(DATA SHOWN)
..........

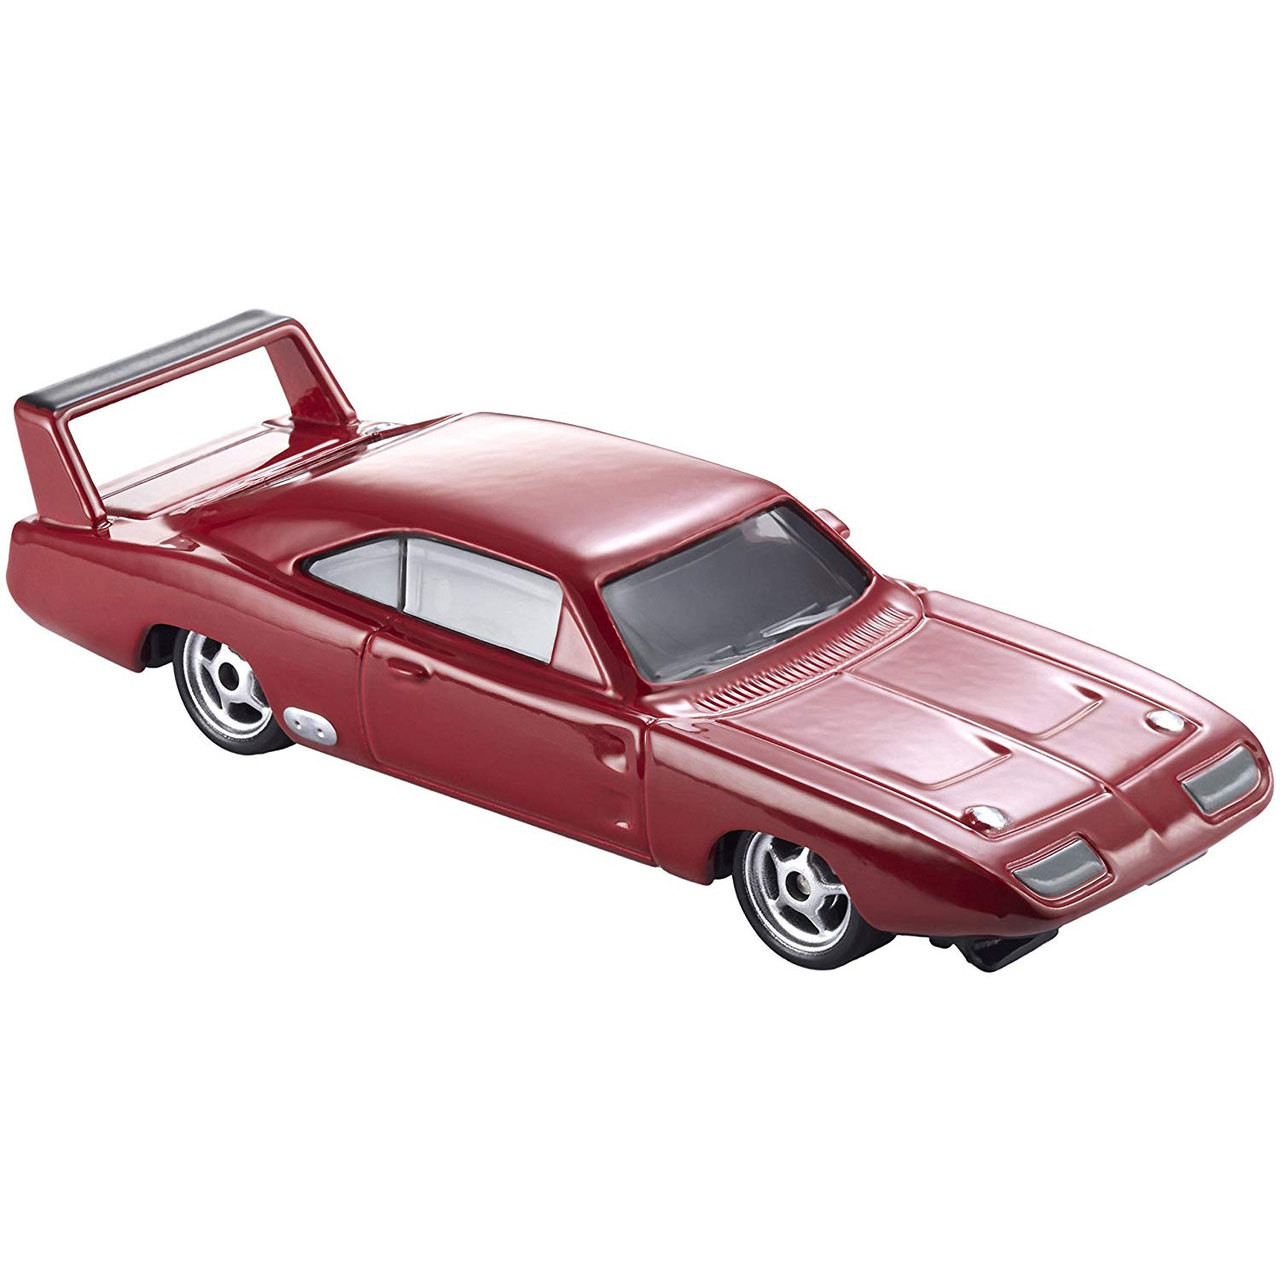 Fast & Furious 1969 DODGE CHARGER DAYTONA 1:55 Scale Die-Cast Vehicle -  Bubble-n-Squeak Toys
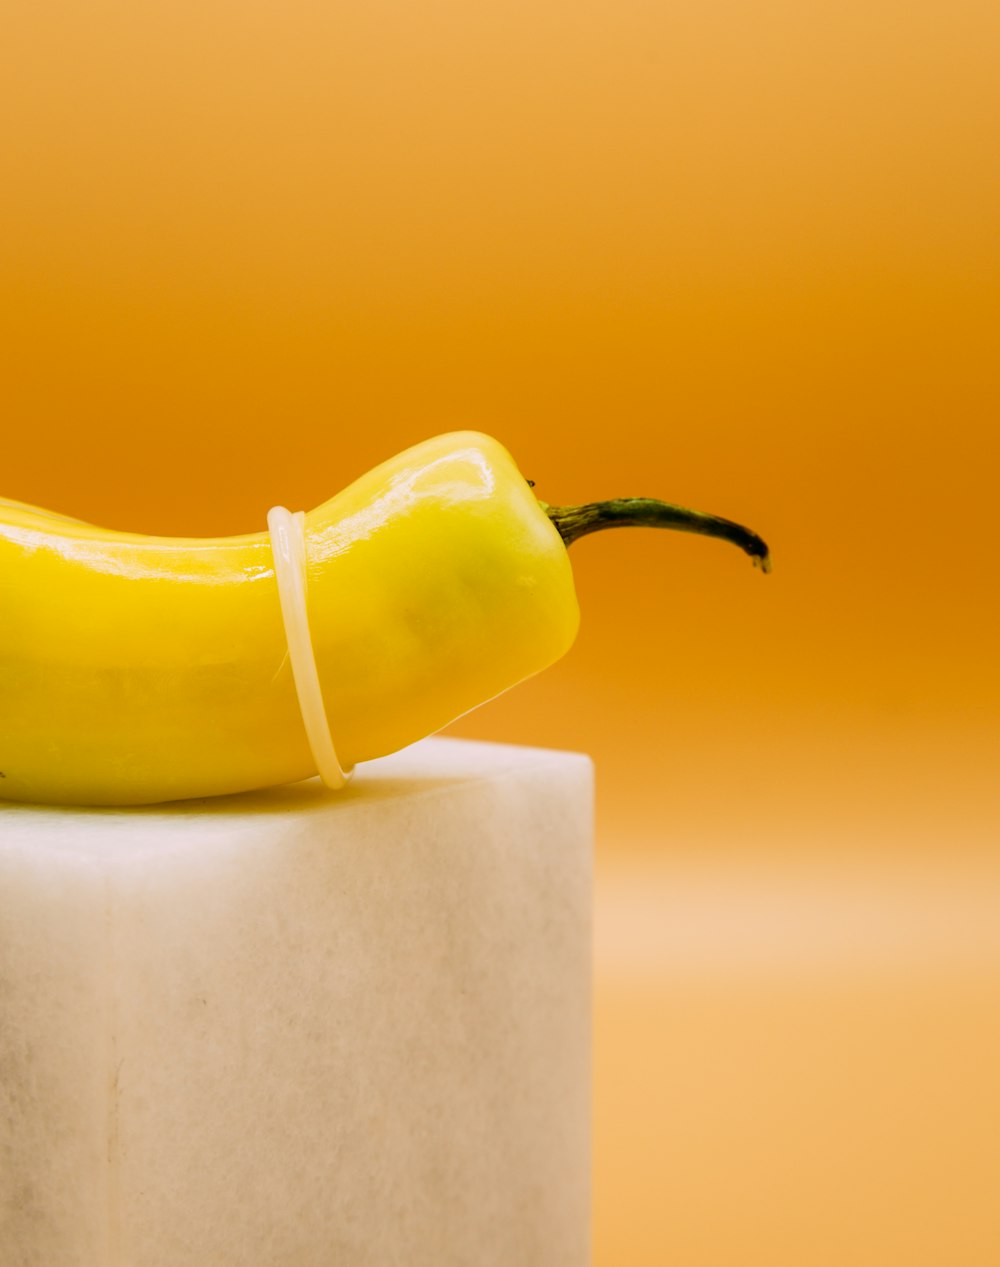 yellow bell pepper on white paper
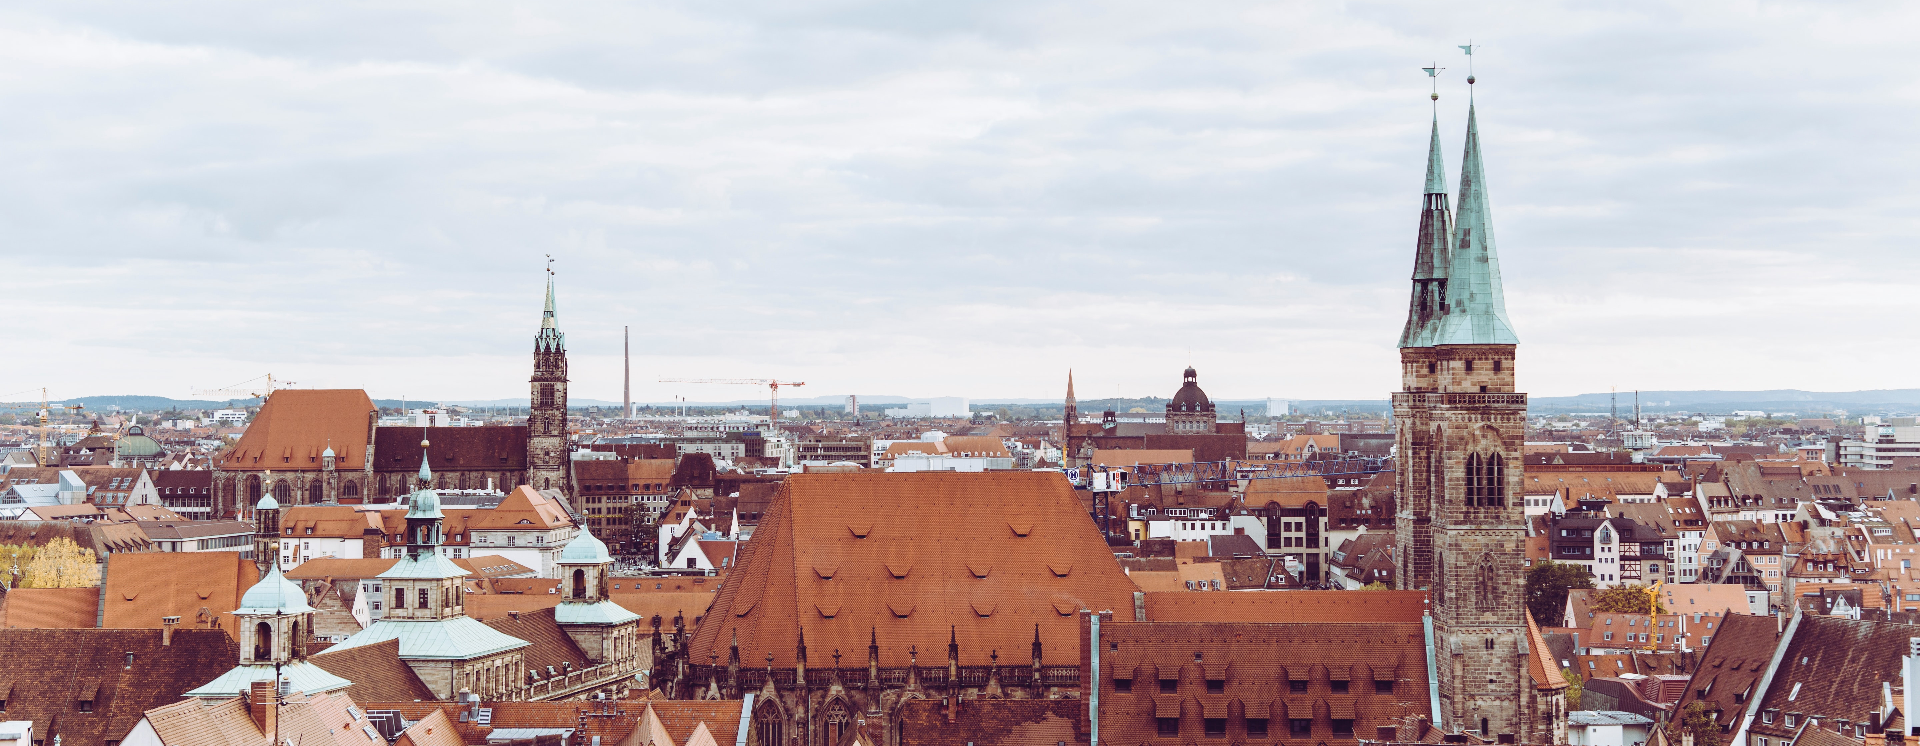 A picture containing the building skyline of the City of Nuremberg in Germany 
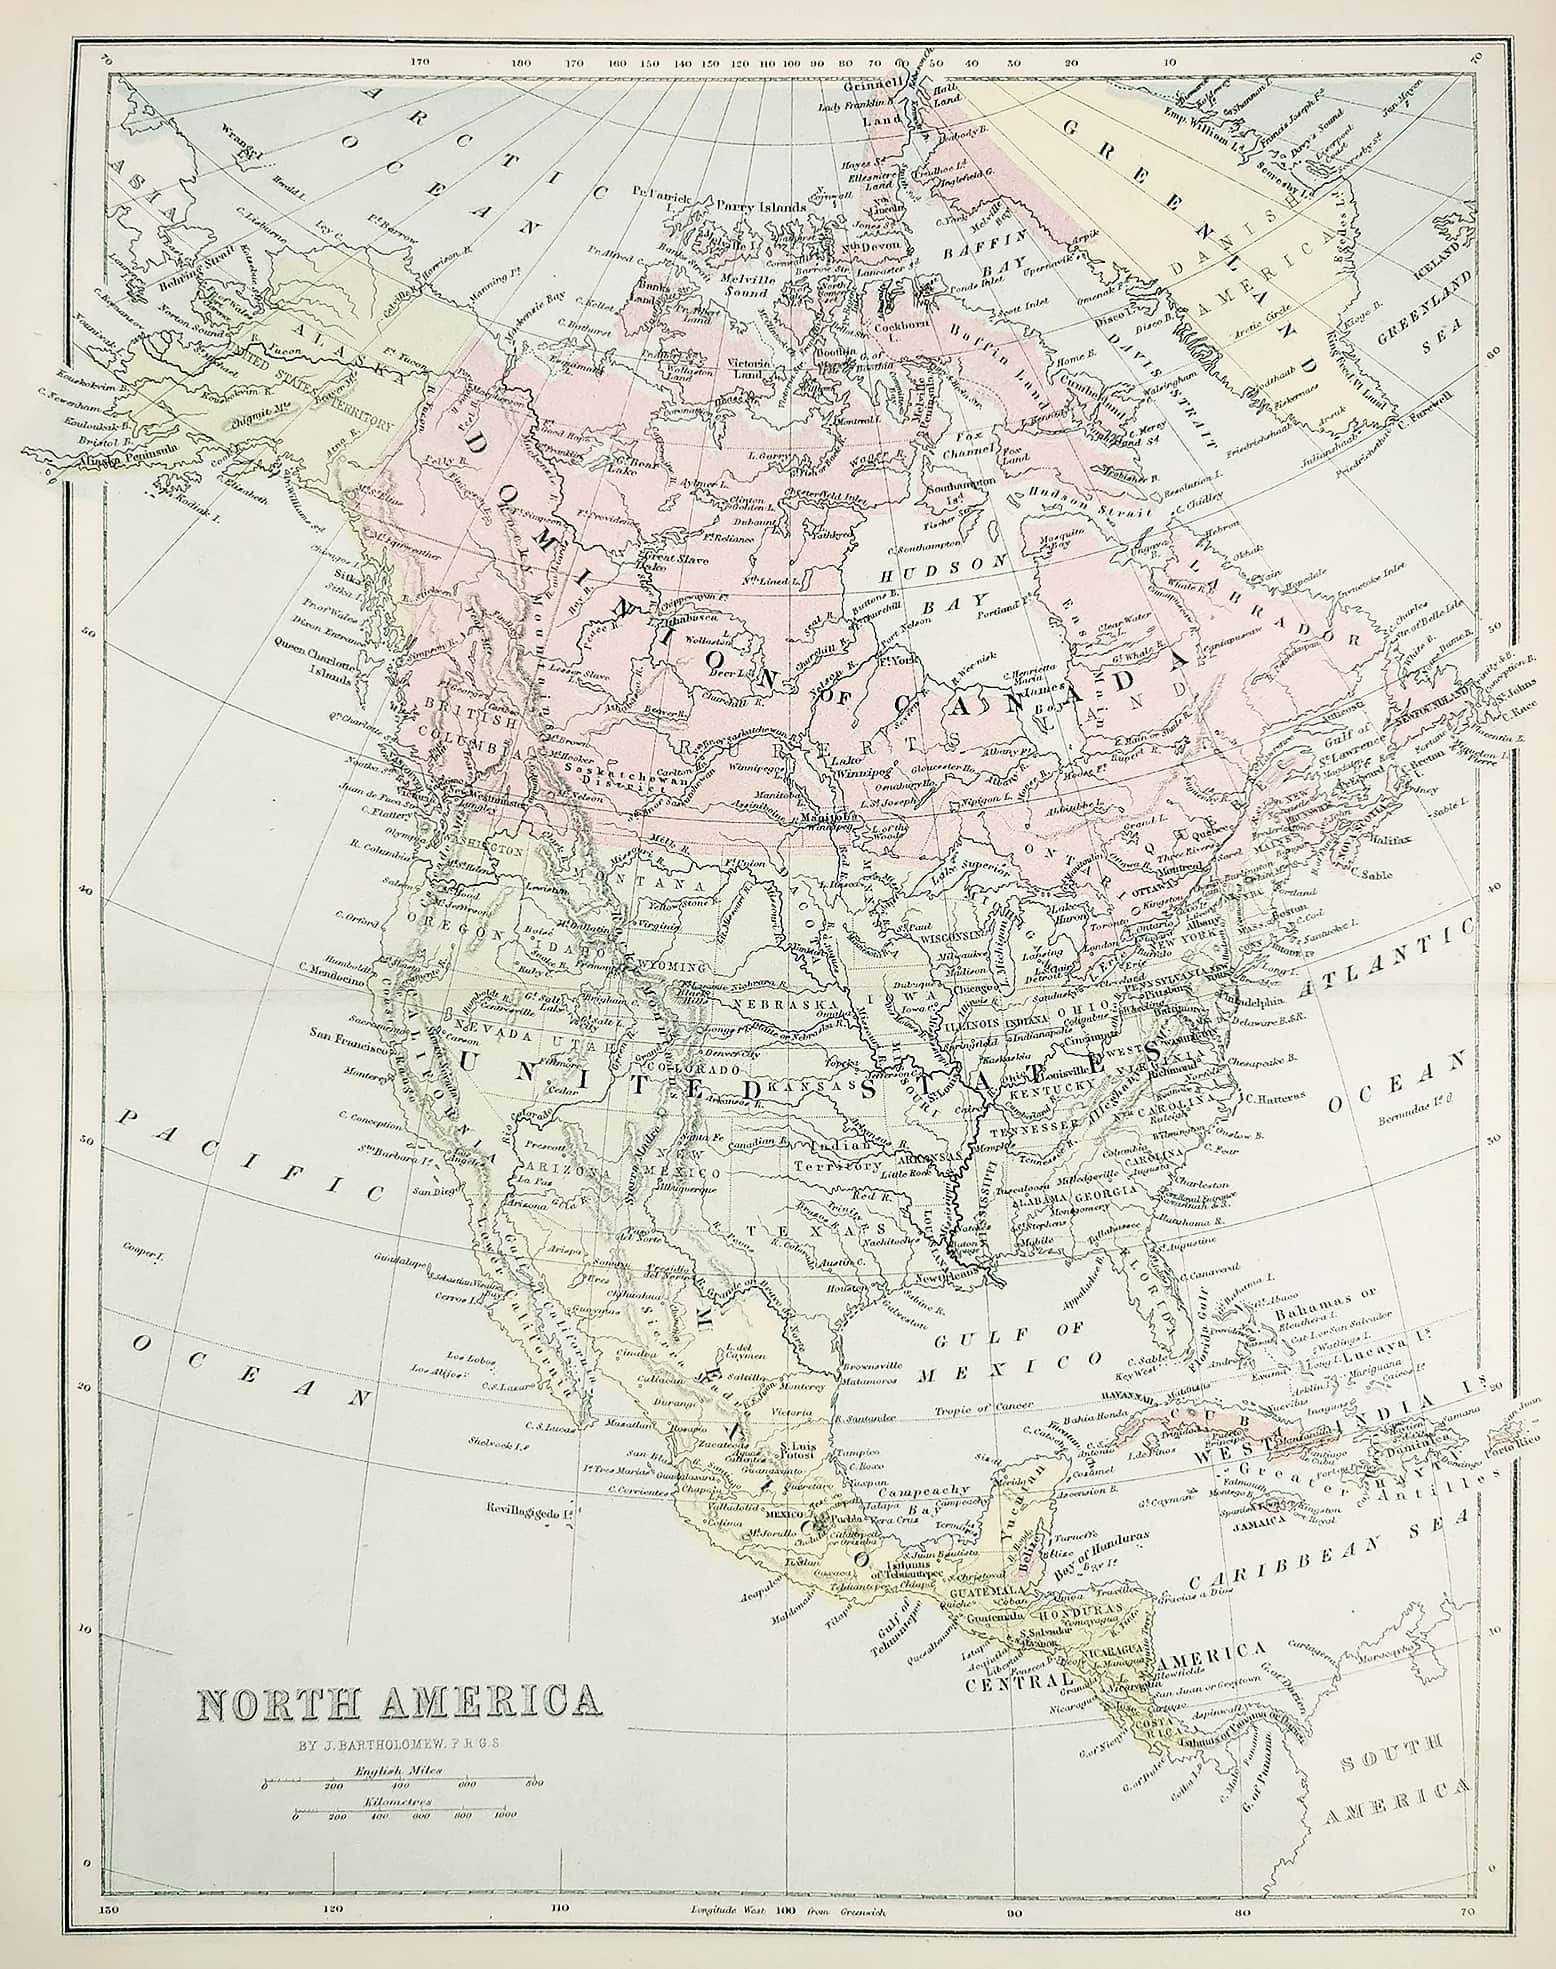 North America - Antique Map from 1890

..........

(WHAT IS REQUIRED) The material must be returned exactly, with its pictures omitted.

(RESPONSE)
 Fast & Furious 1969 DODGE CHARGER DAYTONA 1:55 Scale Die-Cast Vehicle -  Bubble-n-Squeak Toys
 yellow bell pepper on white paper
 A picture containing the building skyline of the City of Nuremberg in Germany 
 North America - Antique Map from 1890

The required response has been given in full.